Investigation of flow boiling in large micro-channel heat exchangers in a refrigeration loop for space applications

Future manned space endeavors will require a new class of vehicles, capable of conducting different types of missions and enduring varying gravitational and temperature environments. Thermal management will play a vital role in these new vehicles, and is complicated by the need to tackle both low and high heat sink temperatures. The present study concerns the development of a thermal management system operating in vapor compression mode to tackle high heat sink temperatures. The specific goal of the study is to investigate the two-phase heat transfer characteristics of two large micro-channel heat exchangers that serve as evaporators in the vapor compression loop using R134a as refrigerant. Both heat exchangers feature parallel micro-channels with identical 1 × 1-mm2 cross-sections.
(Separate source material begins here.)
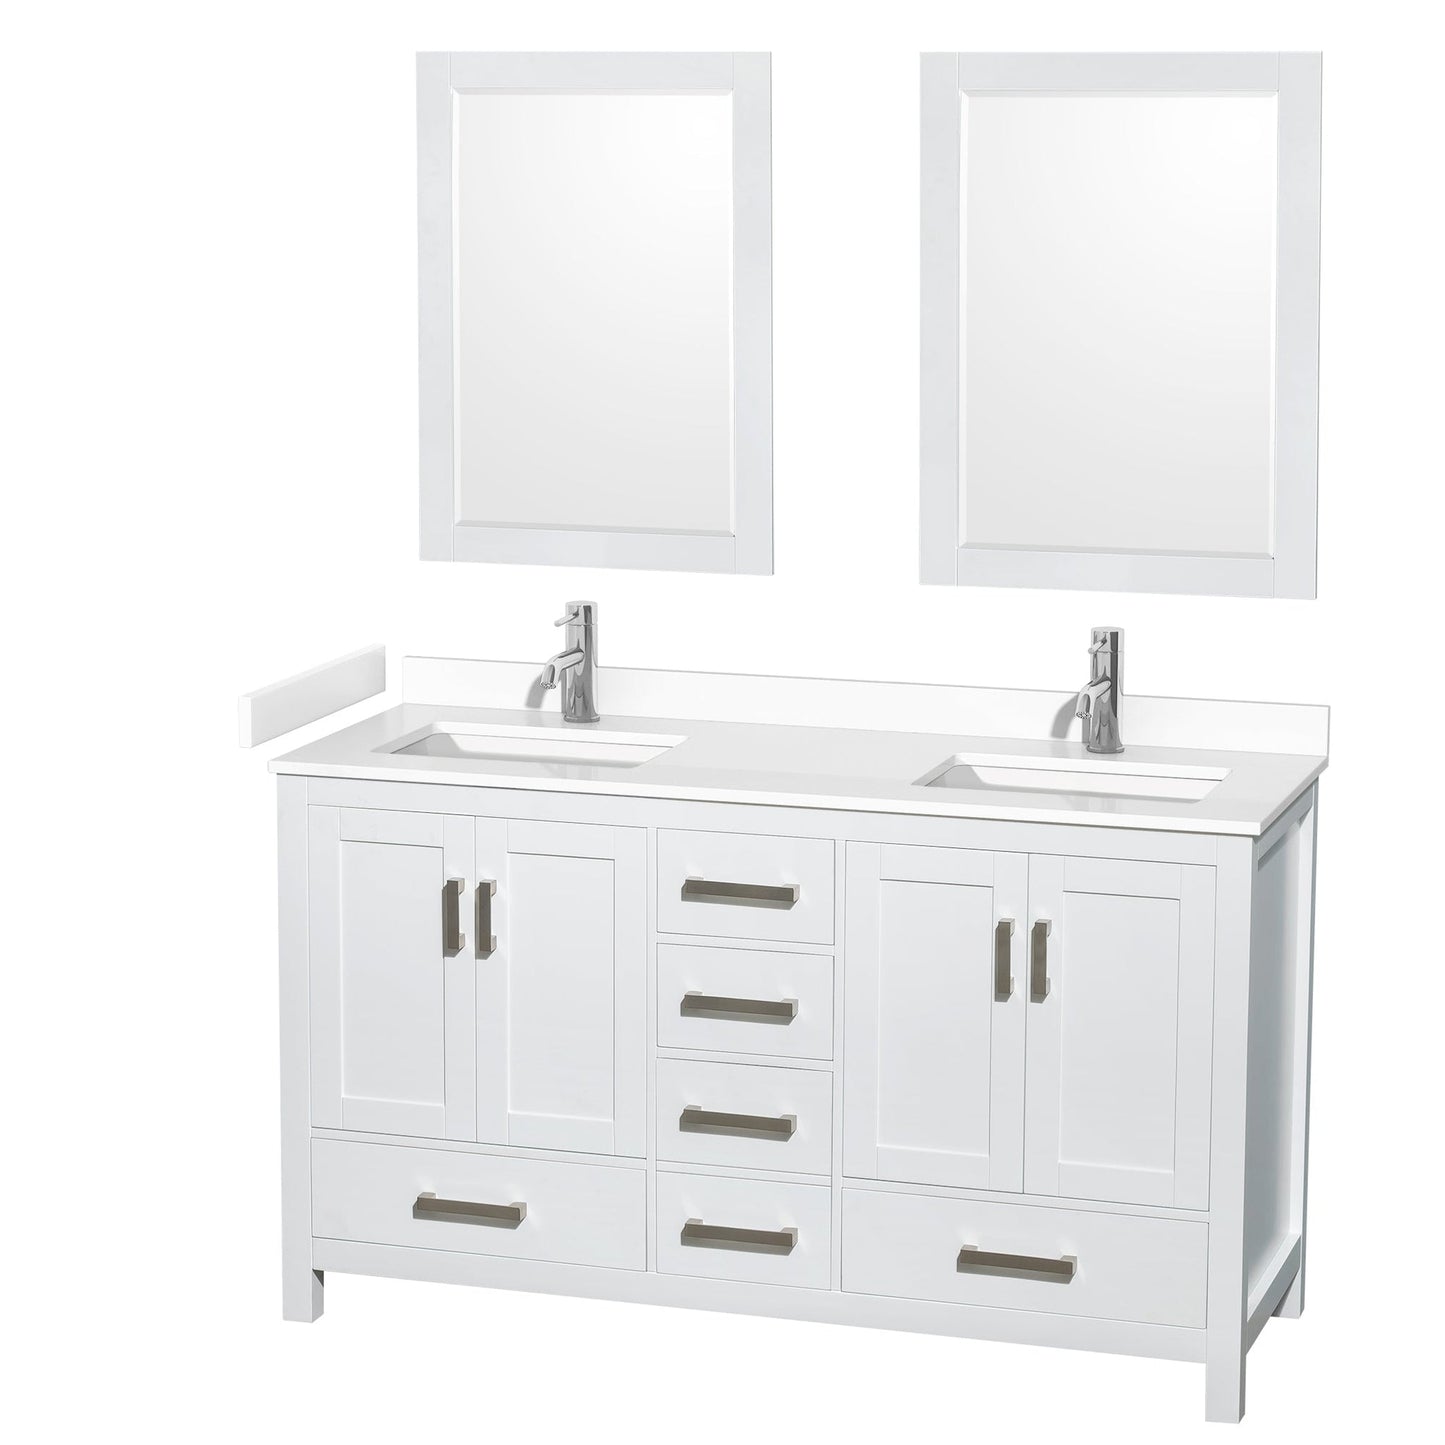 Wyndham Collection Sheffield 60" Double Bathroom Vanity in White, White Cultured Marble Countertop, Undermount Square Sinks, 24" Mirror
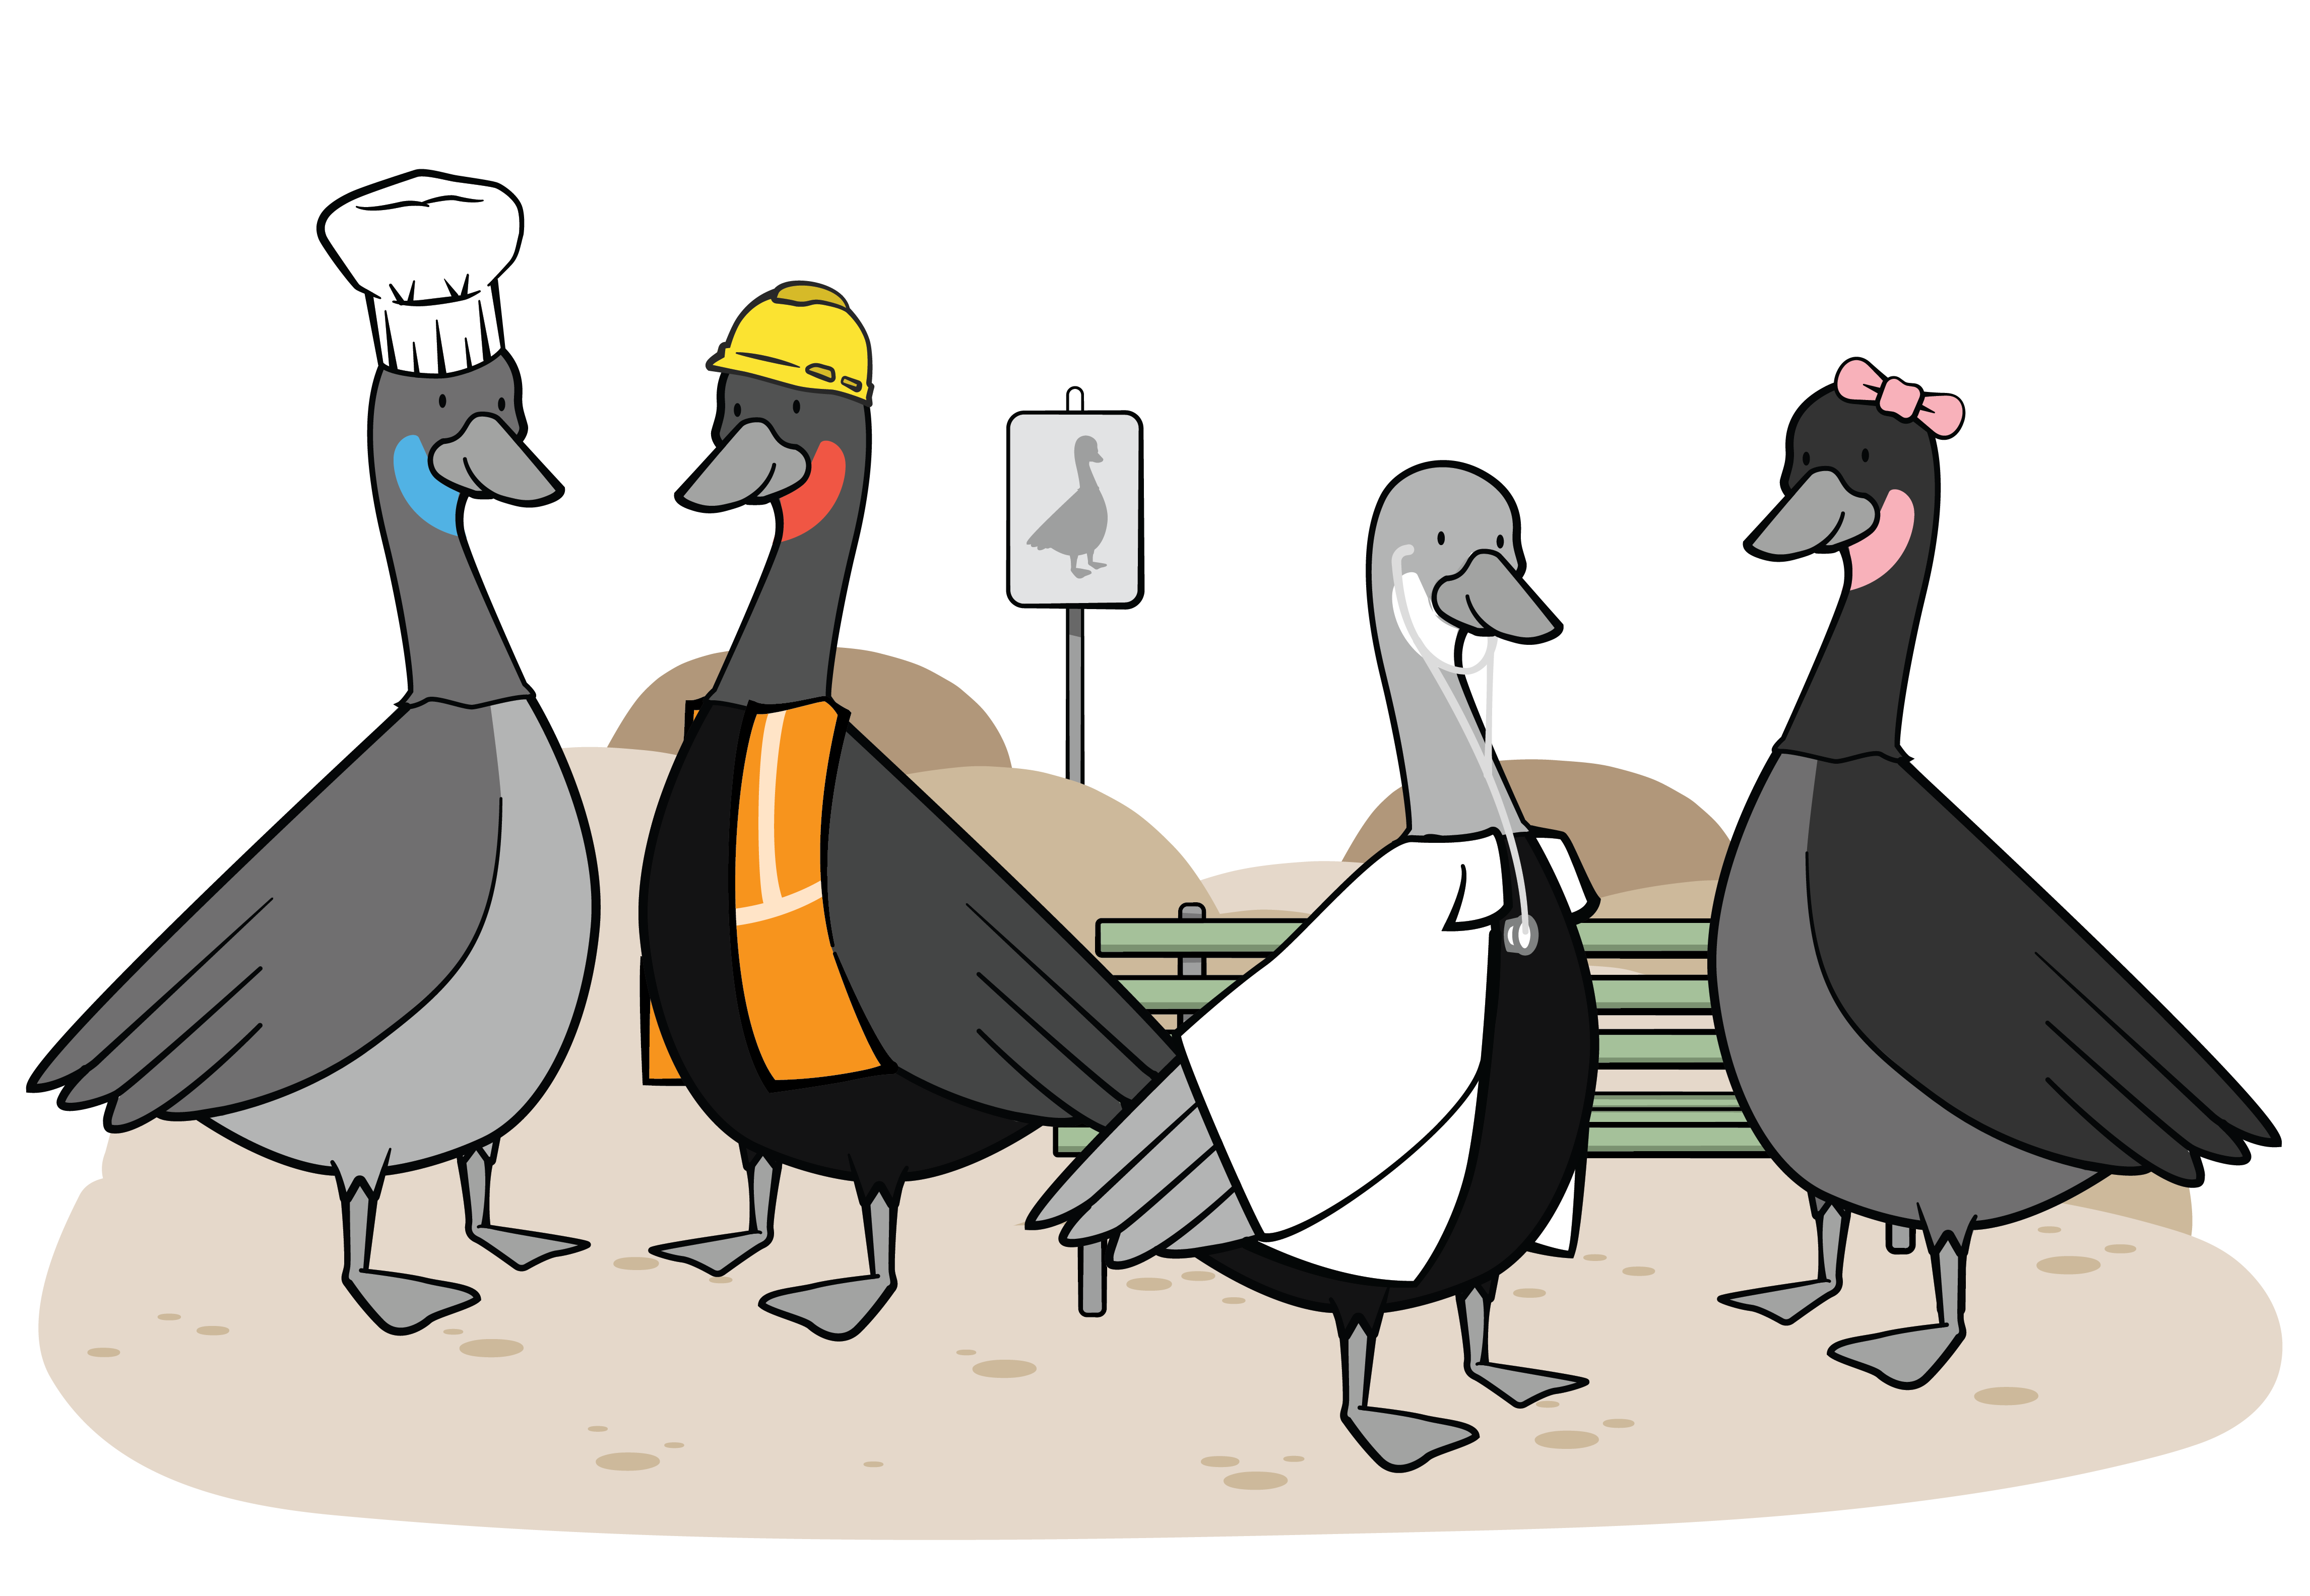 Goose with chefs hat, goose with hard hat and construction vest, goose with stethoscope and white jacket, goose with pink bow

The evaporators are connected in series, with the smaller 152.4-mm long heat exchanger situated upstream of the larger 609.6-mm long heat exchanger. This layout, along with broad ranges of mass velocity (152.90-530.72 kg/m2 s) and base heat flux (8072.93-48,437.60 W/m2) produced a wide range of qualities, which facilitated systematic assessment of dominant heat transfer mechanisms using both heat transfer measurements and high-speed video. Overall, it is shown low qualities are associated with slug flow and dominated by nucleate boiling, and high qualities with annular flow and convective boiling. Important transition points between the different heat transfer regimes are identified as (1) intermittent dryout, resulting from vapor blanket formation in liquid slugs and/or partial dryout in the liquid film surrounding elongated bubbles, (2) incipient dryout, resulting from dry patch formation in the annular film, and (3) complete dryout, following which the wall has to rely entirely on the mild cooling provided by droplets deposited from the vapor core. Finally, the study provides an assessment of the accuracy of eight previous correlations in predicting the measured two-phase heat transfer coefficient for both evaporators. Only one correlation is found to provide acceptable predictions in both accuracy and trend, evidenced by a mean absolute error of 21.19%, with 69.92% and 95.12% of the predictions falling within ±30% and ±50% of the data, respectively.